The Rev. F. H. de Winton
The Principal of Jesus College, Oxford, writes: --
The death of the Rev. F. H. de Winton, Senior Fellow of Jesus College, noticed in your issue of April 28, breaks a link with the academic past of Oxford.
He was one of the old and rapidly disappearing Life Fellows, but of a very special kind.
Sir Leoline Jenkins, formerly Principal of Jesus and afterwards Judge of the Admiralty Court, says in his will in 1685: "It is but too obvious that the persons in Holy Orders employed in his Majesty's fleet at sea and foreign plantations are too few."
Accordingly he established at Jesus College two fellowships whose holders should serve as his clergy "in any of his Majesty's fleets or in his Majesty's plantations" under the direction of the Lord High Admiral and the Lord Bishop of London respectively.

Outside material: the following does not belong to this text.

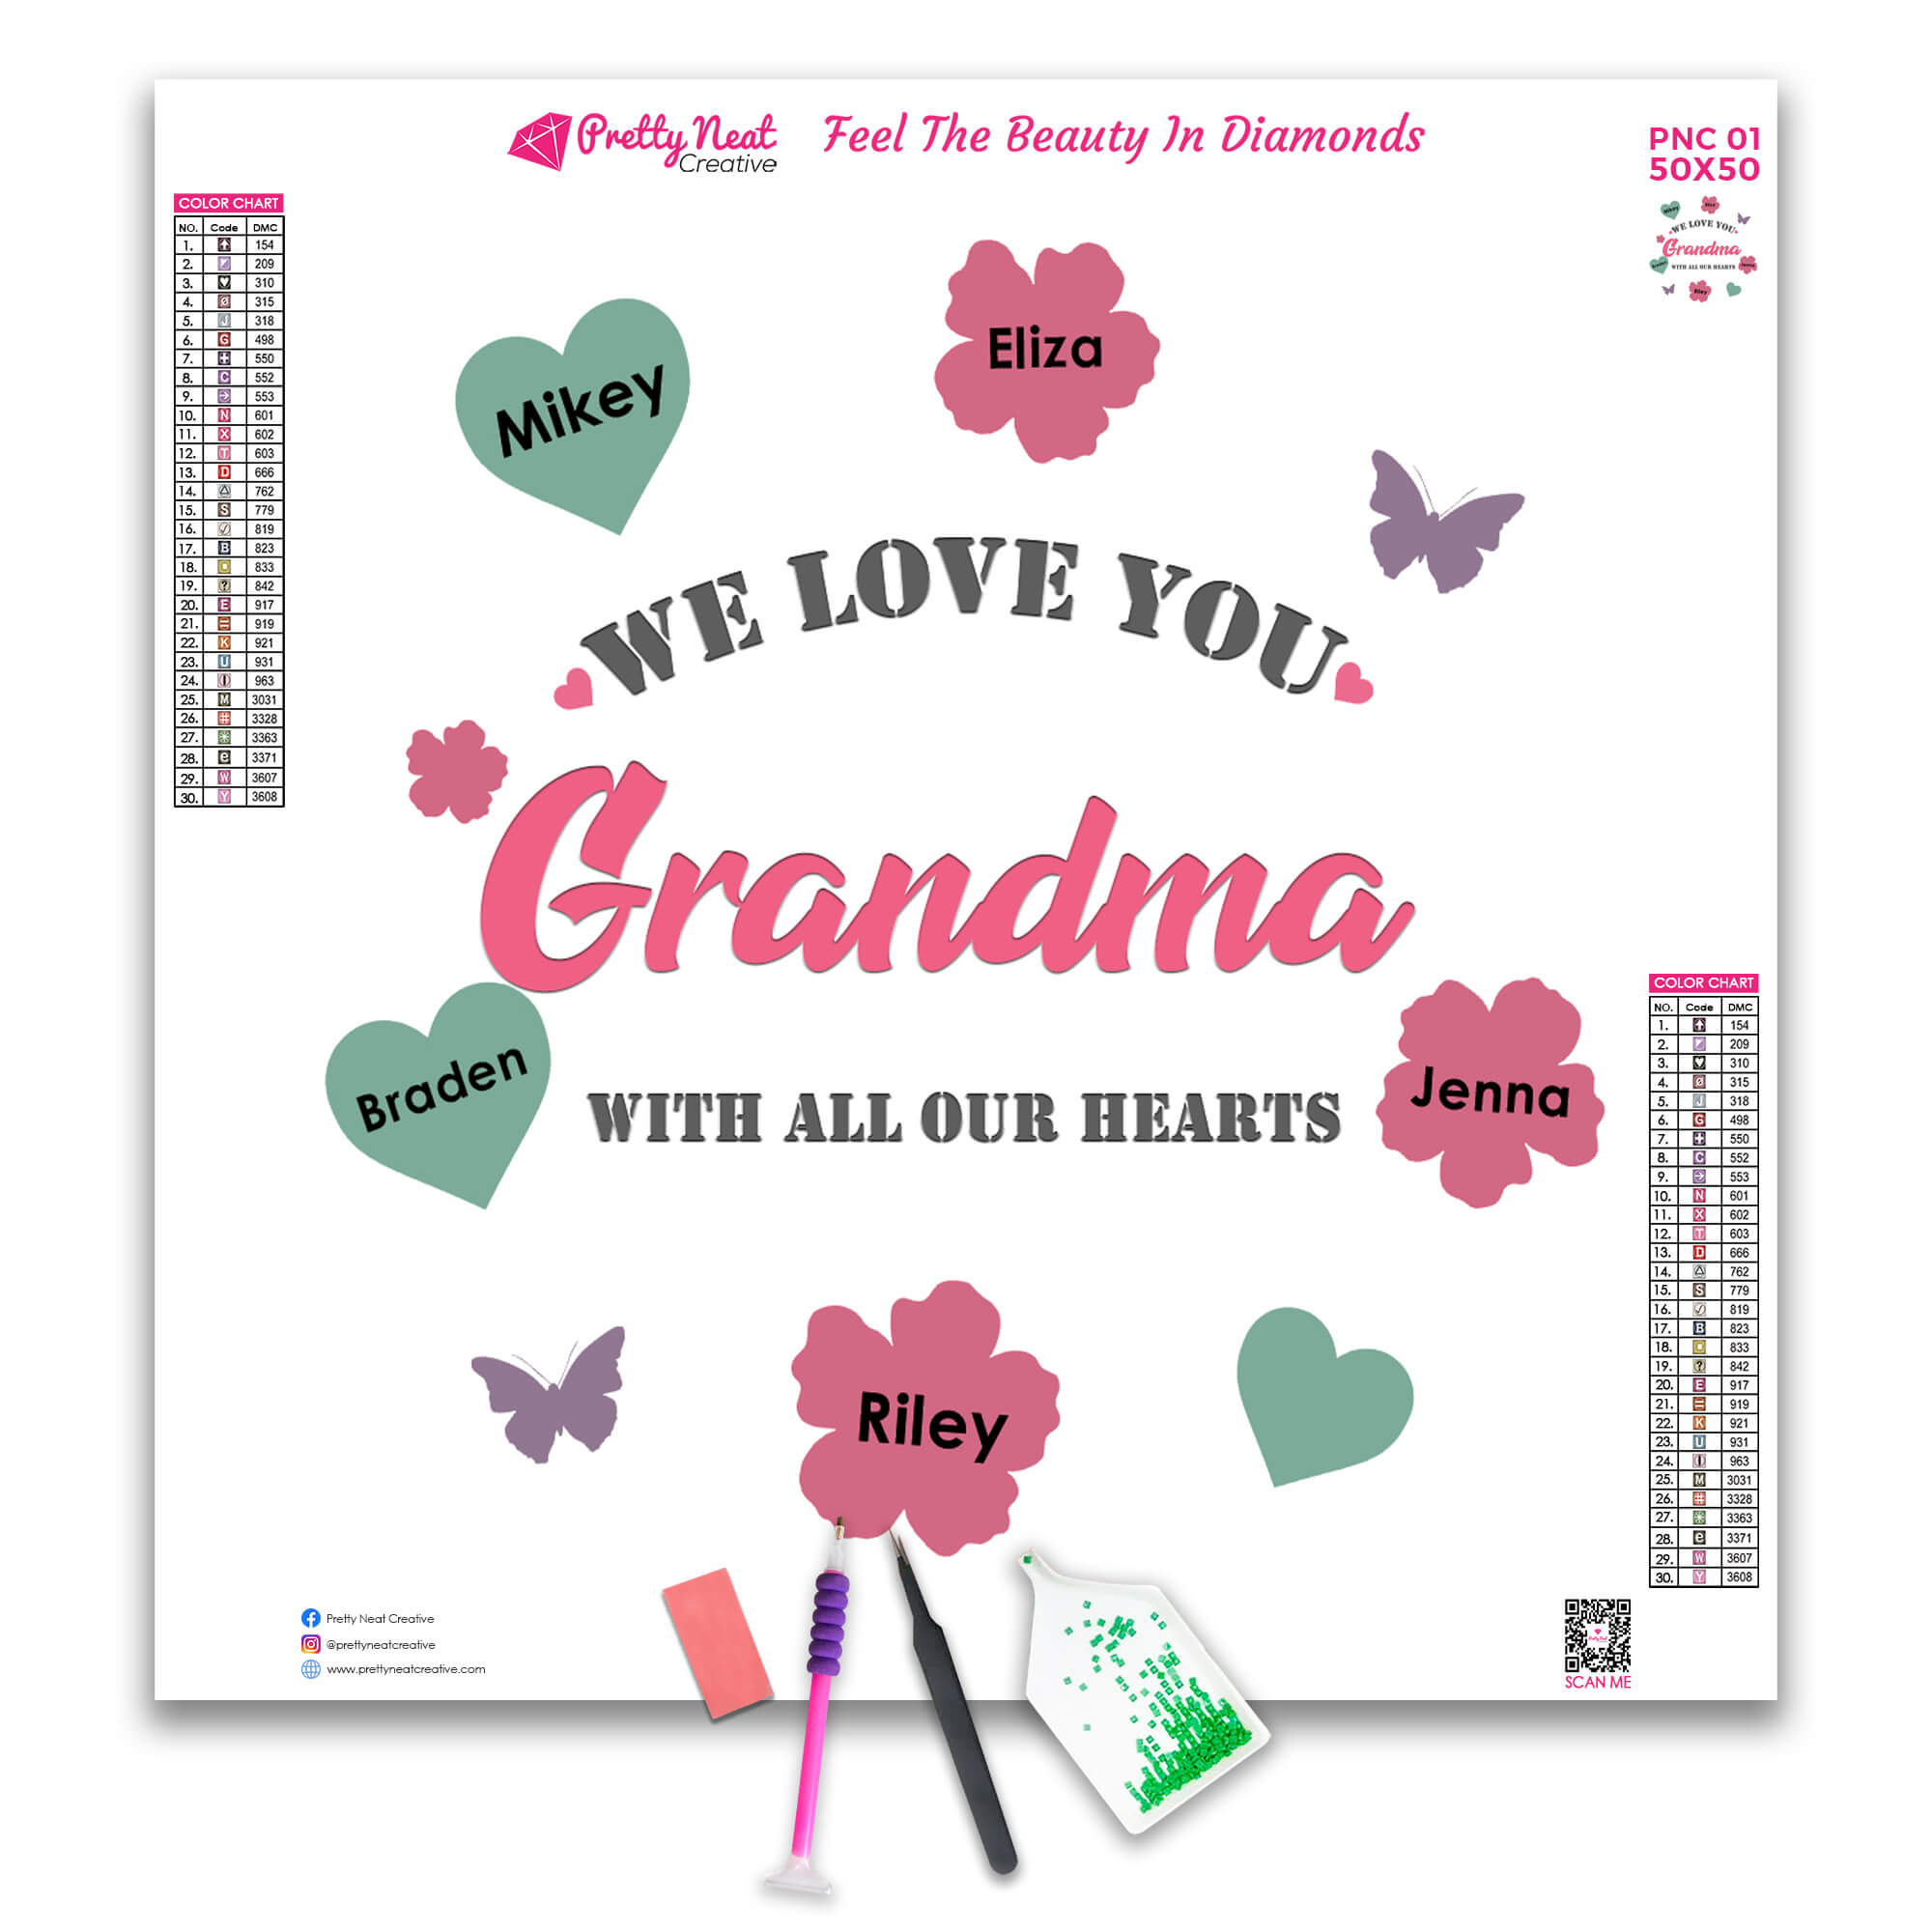 We love You, Grandma_mockup.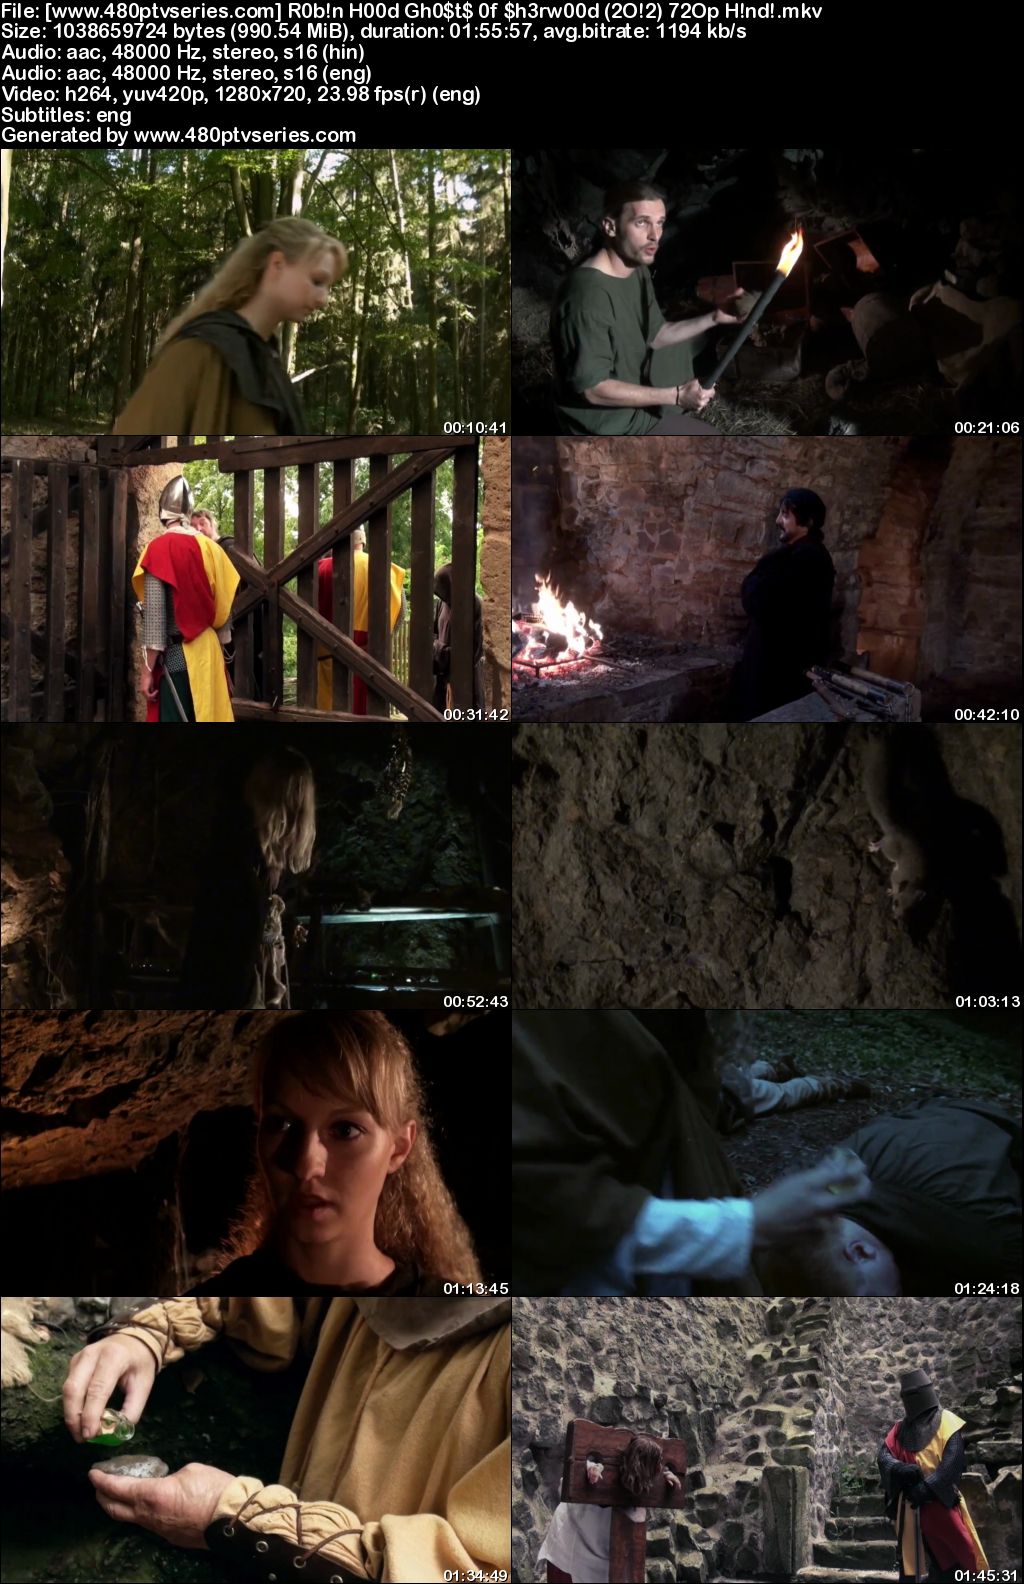 Watch Online Free Robin Hood: Ghosts of Sherwood (2012) Full Hindi Dual Audio Movie Download 480p 720p Bluray

De Winton was the last of these.
He was elected to a Missionary Fellowship in 1876, just in time, for in the following year by the reforming zeal of the Oxford and Cambridge Universities Commission these rather unusual Fellowships were abolished, with the usual proviso saving the rights of existing holders.
Few of the "existing rights" saved by the Commission of 1877 can have lasted for 56 years.
Celon was the "plantation" to which de Winton devoted his life.
For half a century he was a well-known and well-loved, if rather eccentric, figure in Colombo, and when he retired to England a few years ago he left behind many friends, and no enemies.
He kept in touch with the college by occasional residence, by ever-welcome attendance at "Gaudys" and other celebrations, and by a continual interest in it's doings.